= Karl Gall =

Austrian motorcycle racer

Karl Gall (27 October 1903, in Vienna, Austria-Hungary – 13 June 1939, in Ramsey) was an Austrian motorcycle racer with the works BMW motor-cycle team and a former German national motor-cycle champion.

==Biography==
Along with his two brothers Franz and Adolf, as youngest of three racing brothers, Gall began his motor-cycle racing career in 1924 in Austria. In a serious accident at the 1930 German Grand Prix, Gall suffered a serious fracture to the hand which prevented him from racing. First as a contracted works BMW rider from 1927, then contracted to Standard Fahrzeugfabrik GmbH motor-cycles company of Ludwigsburg from 1929 to 1933 and from 1936 onwards, he returned to BMW to develop the 500c BMW Type 255 Kompressor racing motor-cycle. In 1937, Gall won the 500cc class at the Dutch TT at the Circuit van Drenthe, Assen and the German Grand Prix at the Sachsenring in which the works Norton rider Jimmie Guthrie died in a racing accident. Riding the BMW Type 255 Kompressor, he also won the 1937 German National Championship.

Display: 1939 Memorial Urn – Karl Gall. Racing Lines Exhibition Manx National Heritage (Summer 2018).
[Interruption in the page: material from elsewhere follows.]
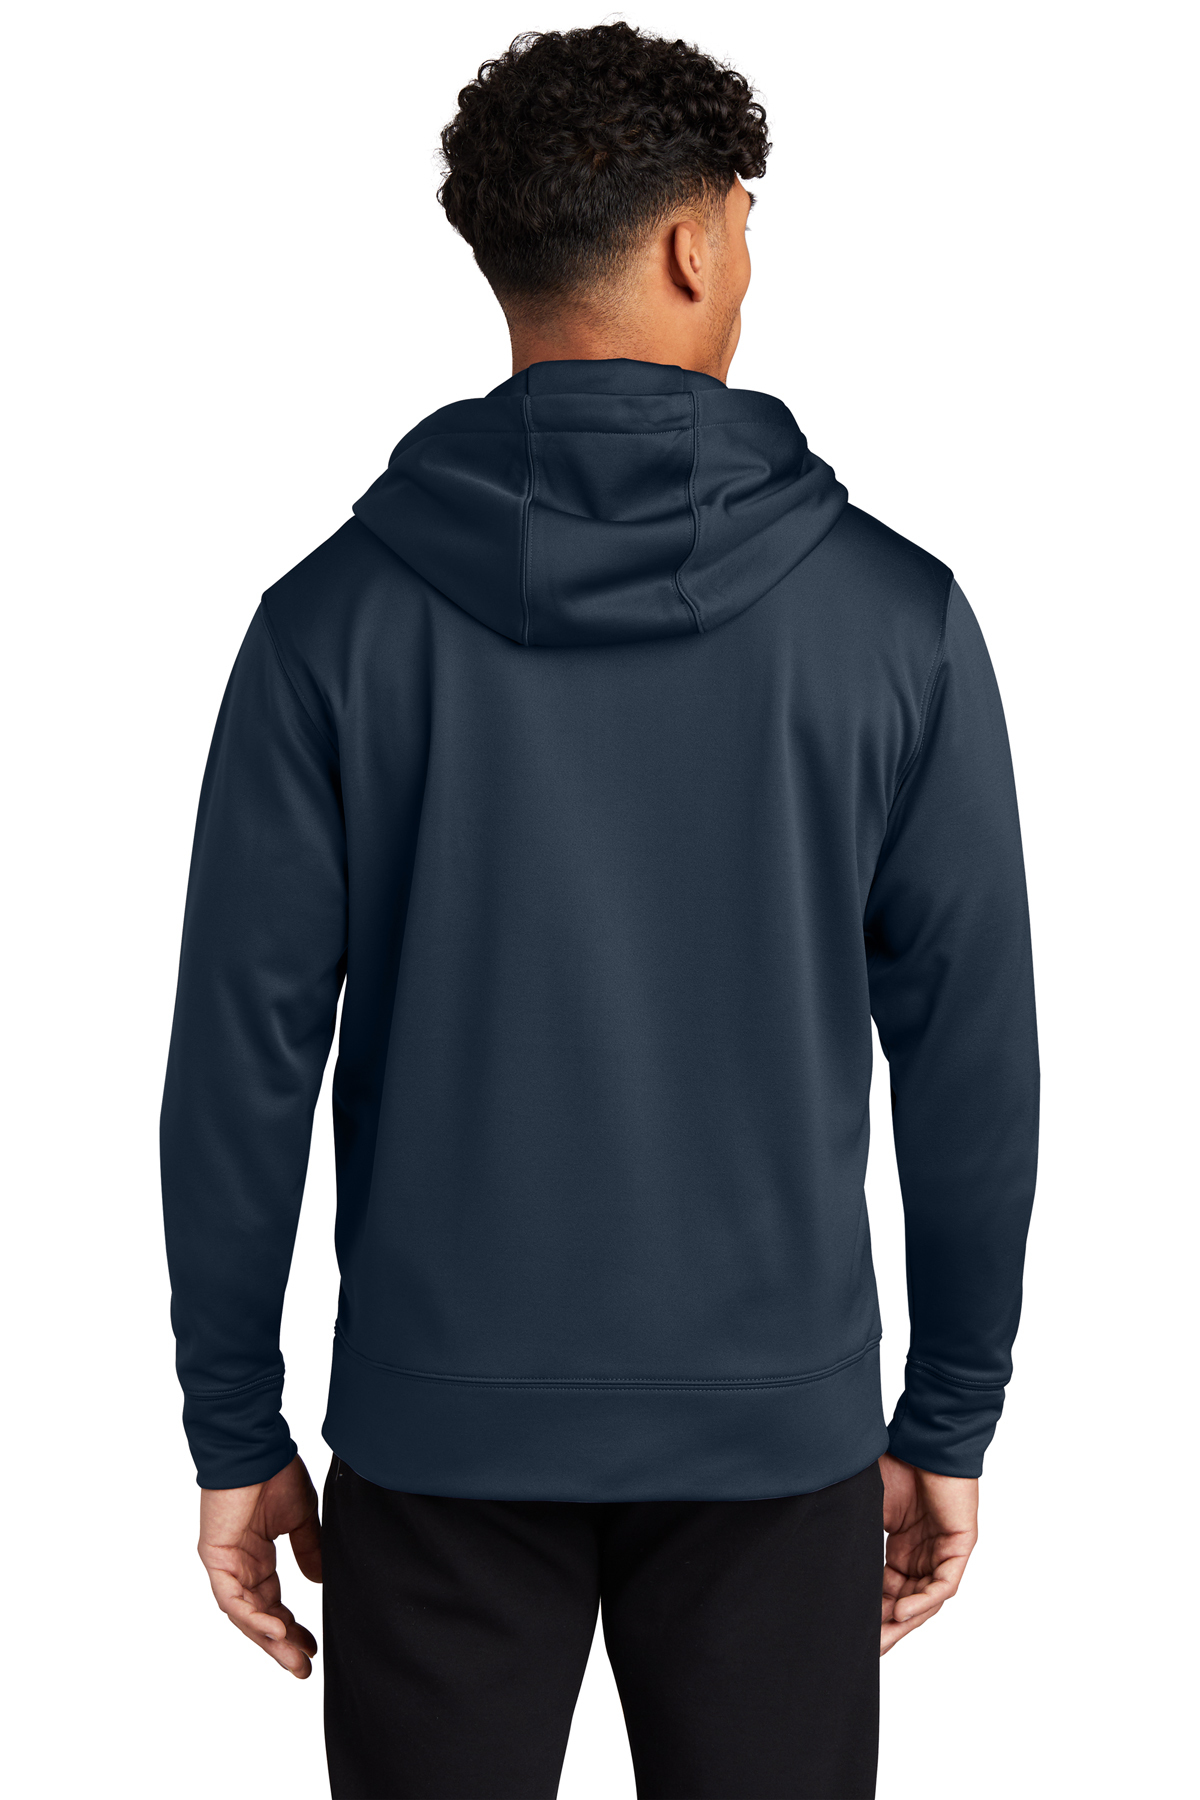 Sport-Tek Sport-Wick Fleece Full-Zip Hooded Jacket | Product | SanMar

For the 1938 Isle of Man TT, Gall was entered by the BMW team along with Jock West and Georg Meier. First the BMW team suffered a setback when Gall was badly injured in an unofficial practice crash and was found unconscious in a ditch above the Gooseneck and was unable to race due to head injuries and a broken arm. On the startline for the 1938 Senior TT Race, one of the BMW mechanics changing a spark-plug stripped a cylinder thread on the engine of Georg Meier's BMW Type 255 Kompressor motor-cycle. Despite starting the 1938 Senior TT Race on one-cylinder, Meier retired on lap 1 at the bottom of Bray Hill leaving the works Norton rider Harold Daniell to win the race.
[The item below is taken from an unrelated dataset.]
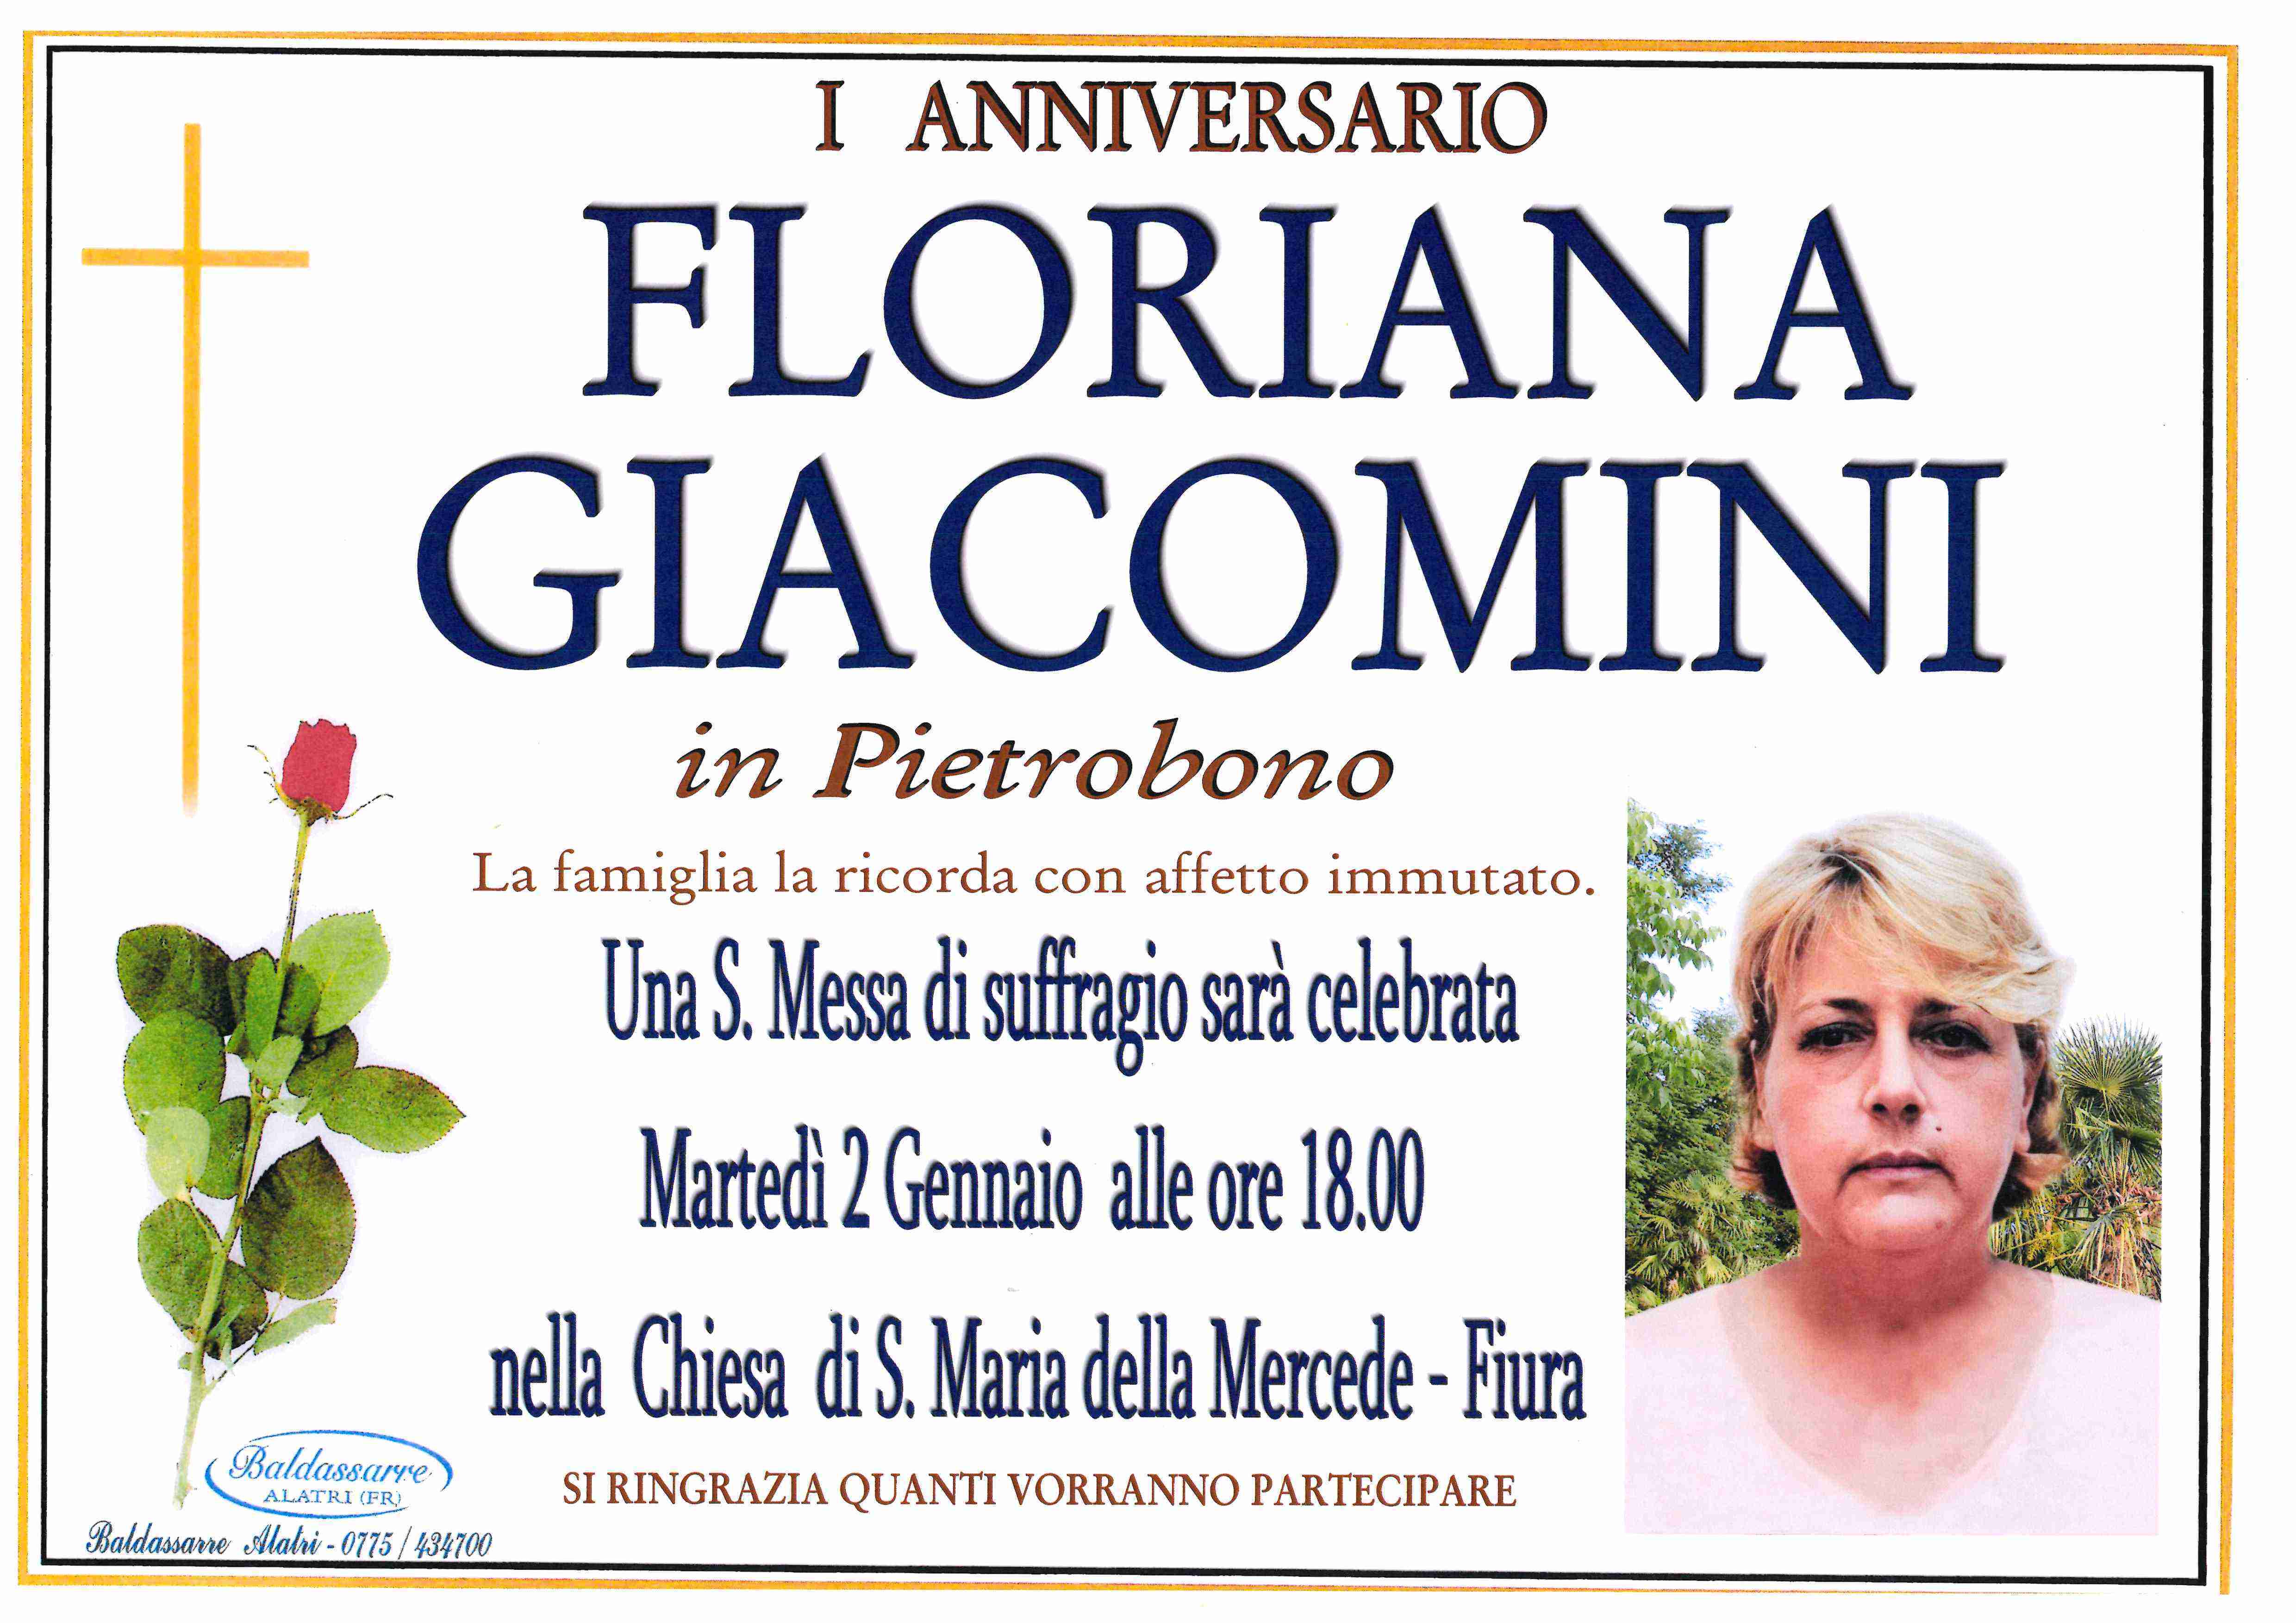 Giacomini Floriana

During practice for the 1939 Isle of Man TT on 2 June 1939, Gall crashed on the first lap of evening practice while trying to overtake the works Norton rider Freddie Frith on the approach to Ballaugh Bridge. After being conveyed by ambulance to Ramsey Cottage Hospital due to severe head injuries, Gall died on 13 June 1939 due to his injuries and the effects of pneumonia in hospital. After considering to withdraw from the Isle of Man TT Races, the BMW management decided that Meier and West would compete in the 1939 Senior TT Race and Meier led from start to finish winning at an average race speed of 89.38 mph and Jock West finished in second place.

Near to Ballaugh Bridge on the Isle of Man TT Mountain Course a nearby road-side memorial commemorates the racing career of Gall.